The growth of commercial activities and the need for competitiveness in the global market have prompted ports worldwide to pursue optimization and cost reduction while mitigating adverse environmental effects. Among these effects, air pollution from emissions generated by maritime traffic and the dispersion of particles, as well as water pollution from spills, pose significant challenges. In response, the concept of Green Ports has emerged, placing sustainability at the core of port development and operations, encompassing social, economic, and environmental aspects. The aim is to achieve a balanced approach that fosters competitiveness, integration with the host city, and environmental stewardship. This paper focuses on addressing a real pollution problem faced by Castelló Port (APC), specifically atmospheric pollution resulting from the dispersion of suspended particles during the loading and unloading of solid bulk cargo on ships at the port's docks (CS05, CS09, CS06 and CS26).

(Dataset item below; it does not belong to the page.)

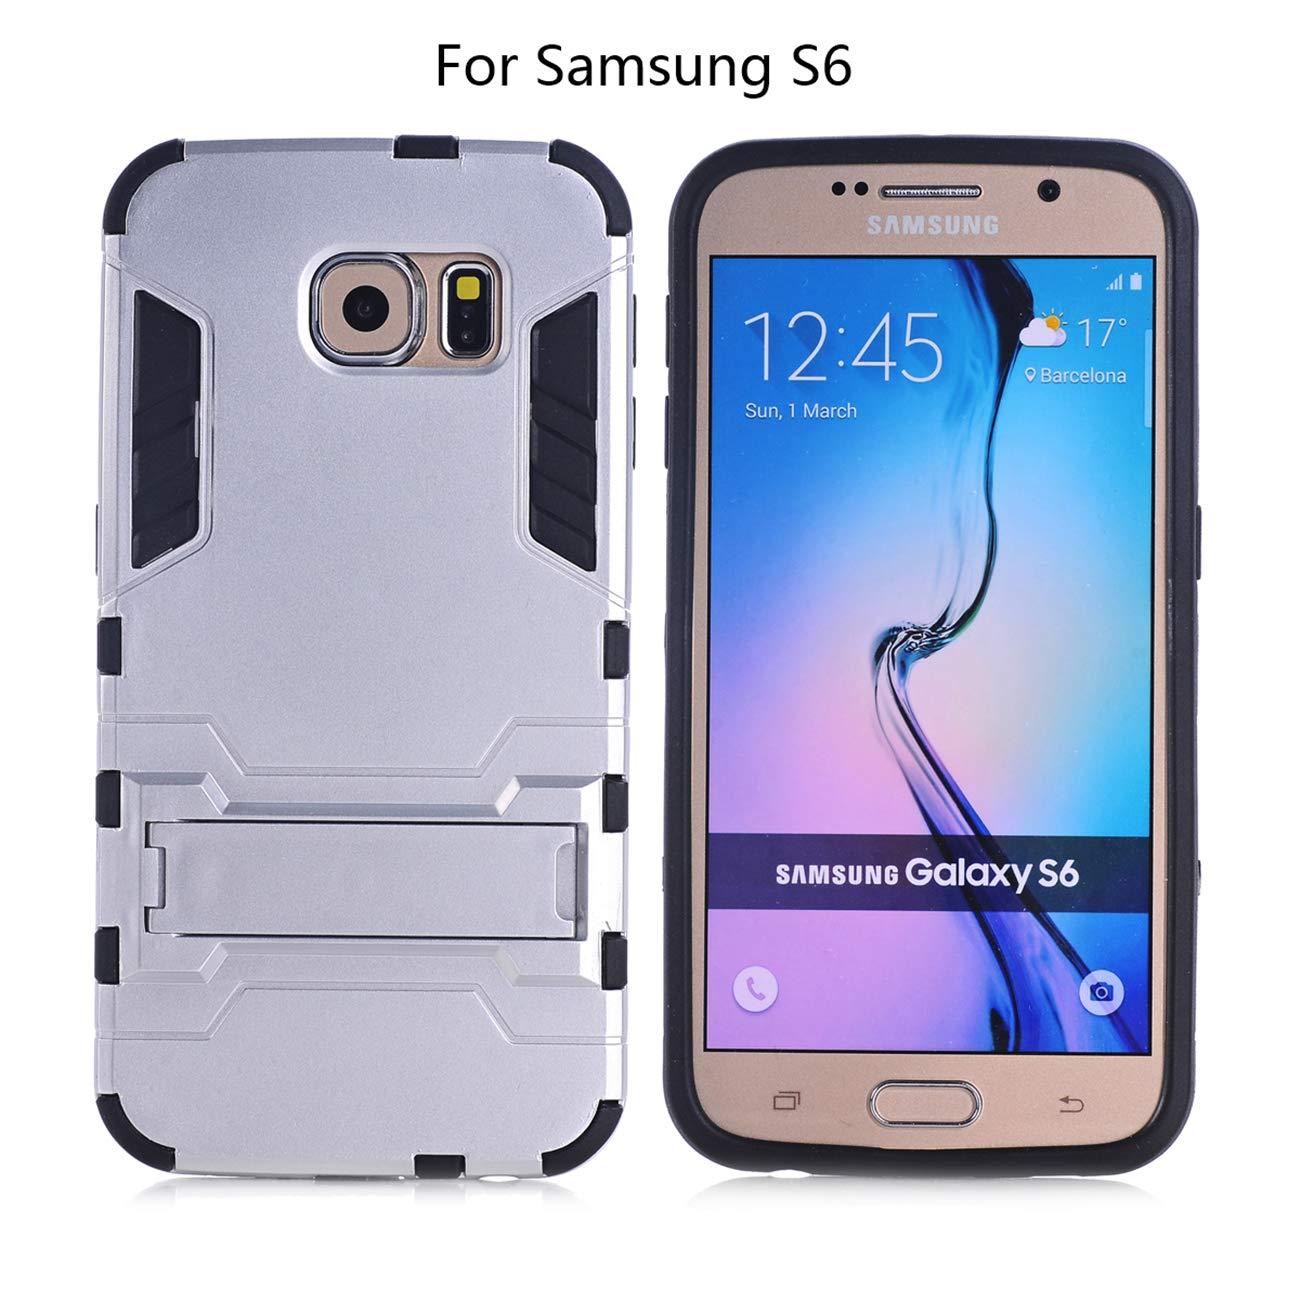 Samsung A5 2017 panzerglas schutzfolie 360 Grad PC Hardcase 3 in 1 Anti-Kratzer Bumper Schutzh/ülle-Schwarz Samsung A5 2017 H/ülle,Handyh/ülle

The primary objective of this study is to anticipate episodes of atmospheric pollution related to cargo handling activities and assess the quantitative causality between these variables. We employ causality inference and predictive methods based on time series analysis to investigate the applicability and validity of these techniques in a real-world problem setting. Concretely, causality models such as CCM, CMI and PCMCI along with forecasting models such as ARIMA, SARIMA and LSTM are used. Data provided by the APC for the years 2019-2021 encompass both port operations (cargo handling) and air quality parameters collected through the air quality monitoring network (PM2.5, PM10, wind direction, wind speed, maximum wind speed, temperature, relative humidity, precipitation).
By analyzing the available data and applying predictive models, we aim to gain insights into the occurrence of atmospheric pollution episodes resulting from cargo handling activities. Additionally, we seek to quantify the causal relationships between these variables, providing valuable information for decision-making processes. Thereby, this study contributes to the understanding of the feasibility and effectiveness of predictive techniques in addressing real pollution challenges in port environments.
Results show that the studied cargo handling in the studied docks are particularly influential on the PM measurements. Concretely, bulk discharges from CS05 and CS09 stand out as the most responsible variables for the PM dynamics (PM2.5, particularly). In addition, regarding causality times, significant causal relationships appear for short (1h), intermediate (5h) and long (10h) times. Regarding forecasting results, whilst classic predictive models such as ARIMA and SARIMA have shown proper results, LSTM networks provide more accurate results, achieving an accuracy above 85% on the environmental parameters.